What does customer service mean in the online world? Quite a different thing from the physical world, as it happens. There are many similarities between conducting business online and doing so from a physical premises, but there are just as many importance differences too. This is one of them: to arrive at a working ethos for ecommerce customer service, you need to consider what a customer wants when they visit your ecommerce site, what they expect, and what type of problems they could potentially have.
What is Ecommerce Customer Service?
To start with the blindingly obvious, ecommerce customer services is the way in which online businesses provide assistance to customers – all the way along the line from when those customers first visit the site to when they check out with a purchase and beyond. In the world of ecommerce, however, it is important to note that customer service is perhaps even more important than it is in physical outlets. The reason for this is simply that the online world works on a basis of instant gratification; a customer can click off your site a lot quicker than they can walk out of your physical store. And they will often do so without a moment’s thought.
Olympic Eyewear, a bulk sunglasses supplier for many ecommerce businesses, says that the problems and hurdles facing a potential customer online are quite a bit different to those that could be faced in a physical store. For example, sites crashing and card payment problems are a new generation of the customer service problems, and so they require a fresh answer.
Tips and Best Practices for Online Customer Service
Beyond a cursory definition, it is perhaps best to outline what ecommerce customer service actually is by outlining just how you can get good at it. Follow these tips, learn by doing, and the entire process could very soon come to be second nature.

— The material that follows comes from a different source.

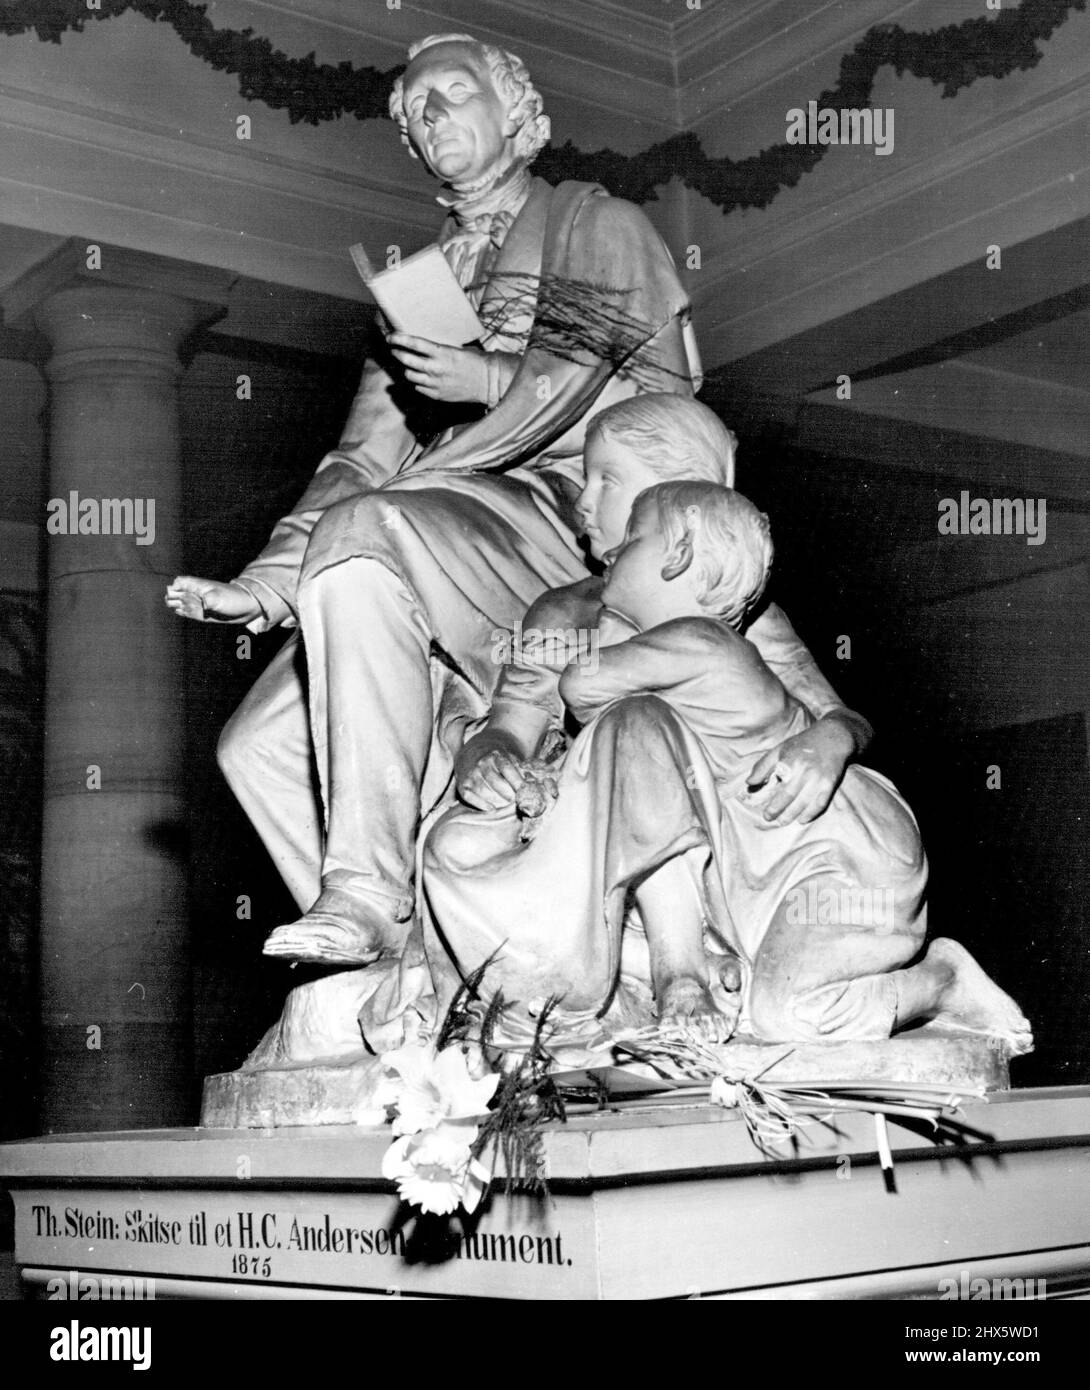 Danes Honor Favourite Son -- Hans Christian Andersen, einer der beliebtesten Märchenerzähler der Welt, wird mit dieser wunderschönen Statue in einem Museum in der Nähe seines Geburtshauses in Odense, Dänemark, gedenkt. 11. April 1952. (Foto von United Press Photo). Stockfoto

In the world of ecommerce, getting organized is especially important for customer service. This is simply because the majority of your interaction with customers will be through electronic communication, and it is all too easy for complaints and other correspondences to simply get lost in a pile of old e-mails. You should look into organization software, much like that used by companies to facilitate remote working, and try to consolidate things as best you can.
Personalize Your Responses
Ecommerce often encourages a certain one-size-fits-all approach to many different problems, but this is absolutely not the way to approach ecommerce customer service. Rather than send out a stock response to every e-mail or put a customer “through the motions” every time they have a problem, you should endeavor to meet the customer on their own terms. Moreover, you should always try to reply in a way that doesn’t look like the text has been copy-and-pasted.
“Self-service”, where ecommerce is concerned, refers to everything that can be arranged on an ecommerce site to allow the customer to take themselves through the purchasing process with the minimum of fuss. If customers are, at any stage, waiting on some kind of human response, then that is a sure-fire way to chase them from your site. Try to facilitate as much self-service as possible, but make sure you have a robust customer service system in place to respond to any technical issues that may arise during this process.
Business online means a whole host of other things online, with customer service being one of the most important to get right. Not just because of its eternal worth, but because of how it is done differently online.